DF Watch: Mr Chidilyan, how representative is Hayartun for Georgia’s Armenian community? Is it representative only for Tbilisi or also for other places where Armenians live?

Levon Chidilyan: We have a network of contacts extending to practically all places compactly inhabited by Armenians. We visit these communities a couple of times a year and conduct various projects such as concerts, exhibitions, or liturgies. As our work is focused mostly on Tbilisi, people from Samtskhe–Javakheti, Kvemo Kartli, Tsalka district, and Achara also often visit our Centre to participate in our events. We can speak of six districts in Georgia with a population that identifies as Armenians.

DF Watch: The word “Armenophobia” alludes to an irrational fear of ethnic Armenians and their culture. How do you define it?

Levon Chidilyan: I wouldn’t call it a “fear” of Armenians, rather than a form of hate. It isn’t a recent phenomenon — it can be tracked down to centuries ago.

DF Watch: How does this “hate” manifest itself in modern Georgia?

Levon Chidilyan: In a variety of ways. To bring up an example: if a person of Armenian origin becomes a public figure, such as a politician, his/her Armenian origin is often brought up in order to discredit them. In the period of Mikheil Saakashvili presidency many Armenians called him an Armenian, which upset many Georgians — such a popular public figure had to be Georgian. If such a person, however, lost their popularity, they would quickly have their alleged Armenian origin brought up. Recently I have observed a similar dynamic towards Prime Minister Irakli Gharibashvili. He’s always been considered Georgian, but in a situation where he becomes unpopular within a certain circle, he starts being called an Armenian as a form of belittlement. It constitutes a serious problem for the government, since there are certain hostile powers that are ready to use this sentiment for advancing their own political agenda.

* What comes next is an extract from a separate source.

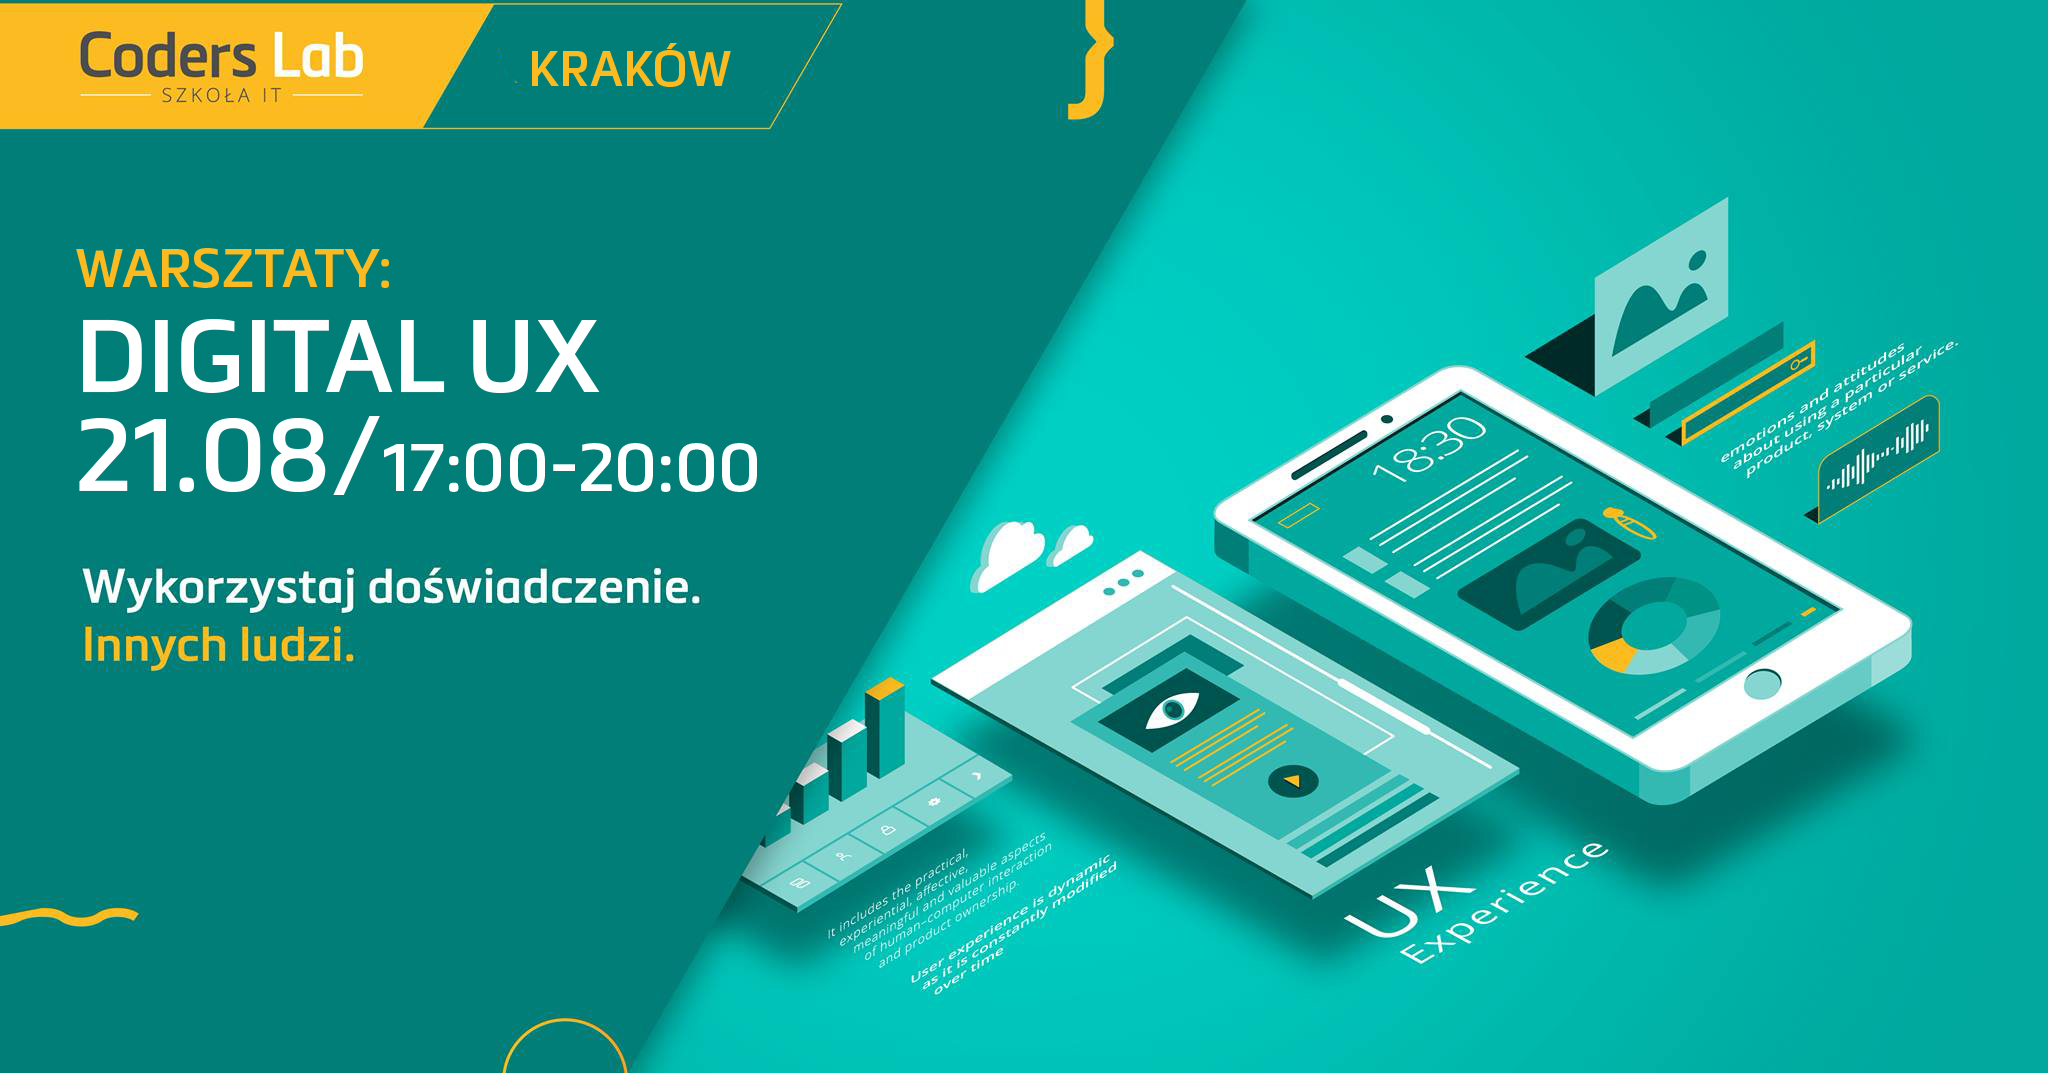 coders-lab-szkola-it-warsztaty-digital-ux-w-krakowie-sierpien-2018

DF Watch: You describe the sentiment as a societal issue. How does it manifest itself in terms of institutions and governmental structures?

Levon Chidilyan: Officially, “Armenophobia” doesn’t exist. According to the Georgian legislation we’re all equal; the law doesn’t define an Armenian as someone who would have their rights restricted in any way. The issue is mostly a societal one, although some politicians do advance the anti-Armenian sentiment in the society. It happens often that certain political activists make Armenophobic statements.

DF Watch: What are the roots of this sentiment?

Levon Chidilyan: In my personal view, the issue goes back to the 7th century when the Armenian and Georgian Churches chose their separate ways. The issue resurfaced in the second half of the 19th century when Armenians constituted the majority of Tbilisi’s population. One of the roots of the sentiment is definitely divergent religious confessions. Within the Georgian Orthodox Church officially no-one admits that Armenophobia is an issue, yet many people witness it churches; there are certain priests who say derogatory things about Armenians. In such cases we take the issue to the Patriarchate which usually dissociates itself with such words and says that such priests will bear formal consequences of their words. Unfortunately, the problem persists.

DF Watch: How specific is the issue of Armenophobia for ethnic Georgians? Does it exist in case of Georgia’s other ethnicities?

Levon Chidilyan: I guess it exists in case of ethnic Azerbaijanis, but it is related to the conflict over Nagorno-Karabakh and the issue of Armenian Genocide. For us, the issue of ethnic Georgians is the main one, as Georgians make up majority of Georgia’s population and the government consists mostly of Georgians. We don’t experience problems on behalf of Azerbaijanis as they are not the dominant ethnic group in the country. Certain subjective views of the Azerbaijani community aren’t acceptable for us, but the most important thing is not to experience this kind of sentiments as coming from the ethnic Georgian community.

DF Watch: In the Georgian society one can come upon a relatively veiled discourse on the possibility of Armenian separatism in Javakheti. How does it influence the mutual relations?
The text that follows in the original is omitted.